#### DATA SECTION
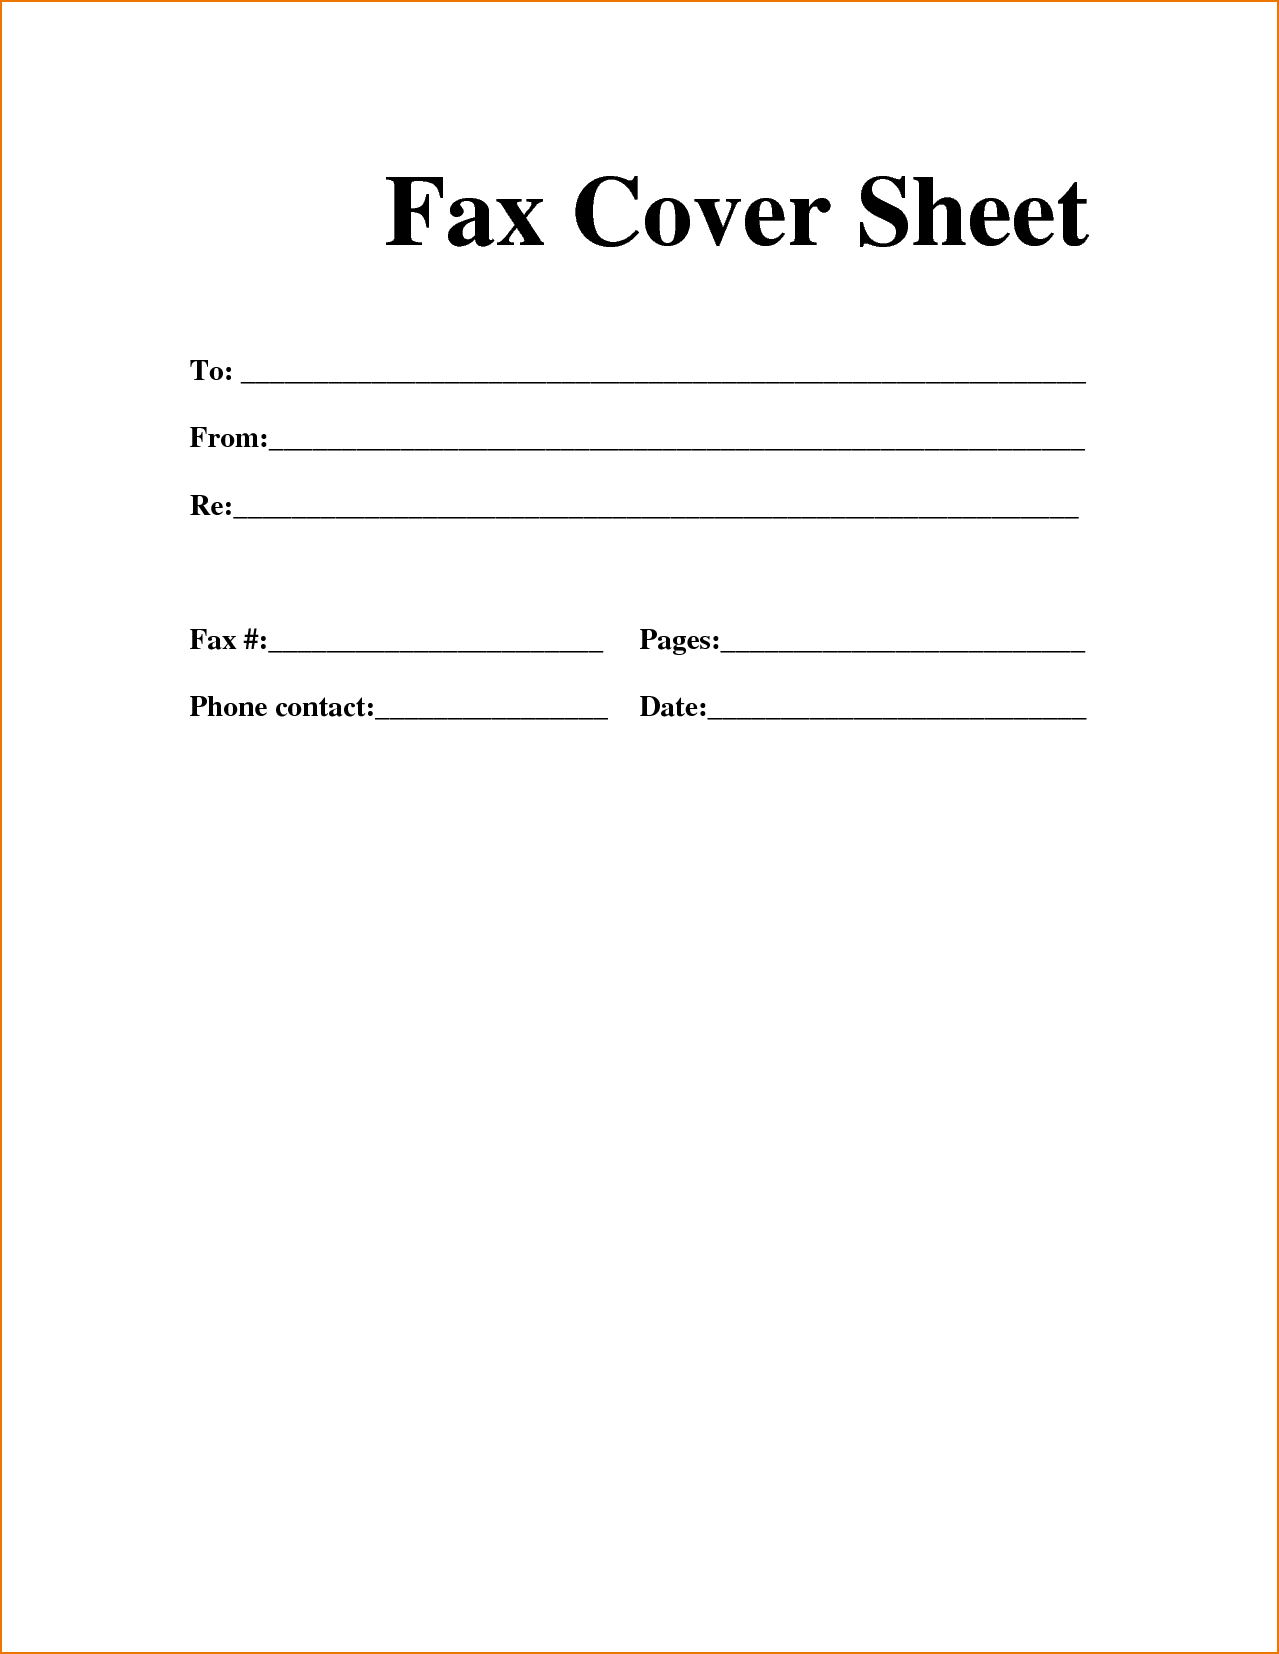 Sample Personal Fax Cover Sheet | Template In 2019 | Cover Sheet - Free Printable Fax Cover Page
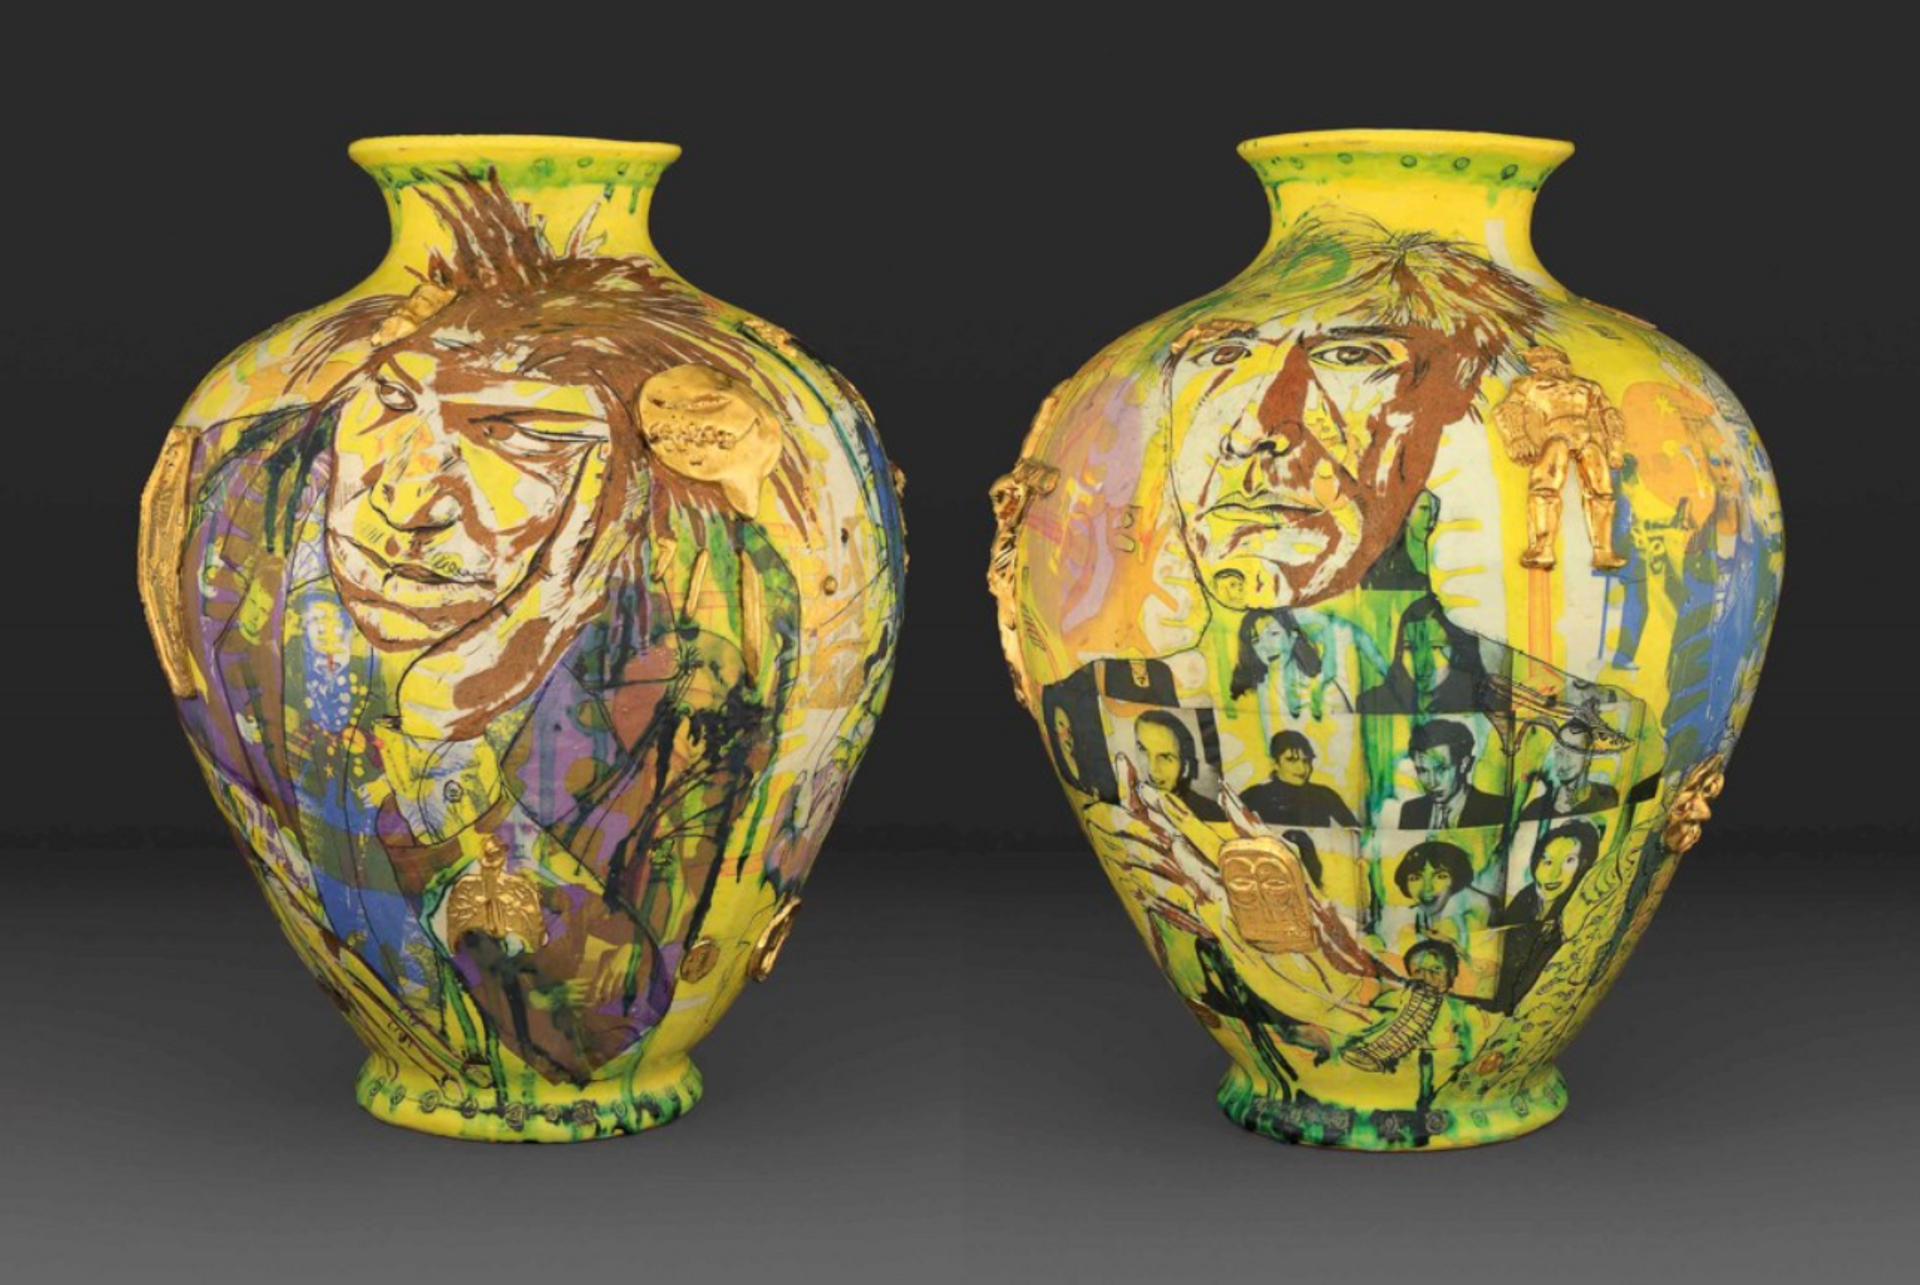 Yellow vase by Grayson Perry, depicting Andy Warhol and Jean-Michel Basquiat and portrait photo transfers.
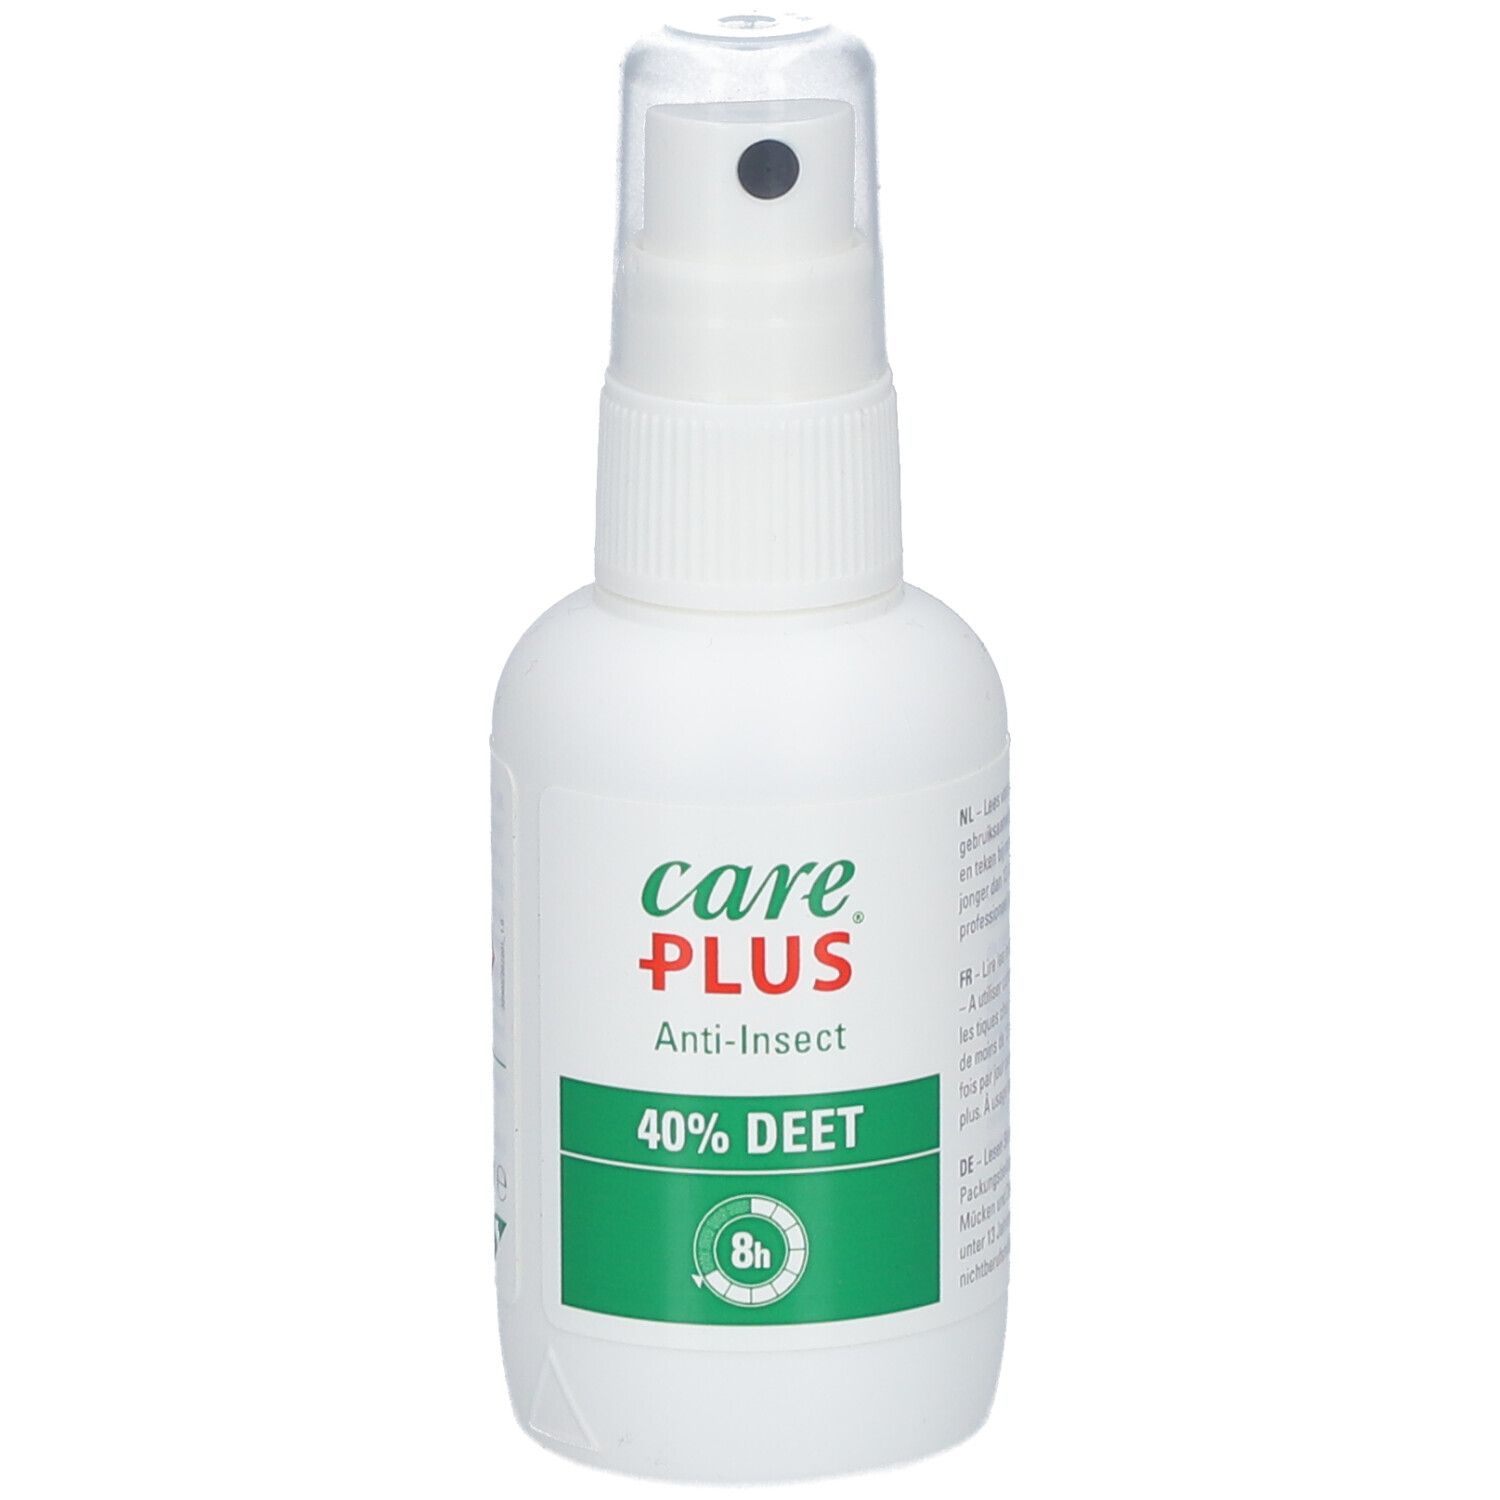 Care Plus Anti-Insect spray 40 %
########
The expected output is an exact retyping of the lines from the line with "Yellow vase by" through the last line of the data, with both ends kept and the pictures dropped.

 Yellow vase by Grayson Perry, depicting Andy Warhol and Jean-Michel Basquiat and portrait photo transfers.
 Care Plus Anti-Insect spray 40 %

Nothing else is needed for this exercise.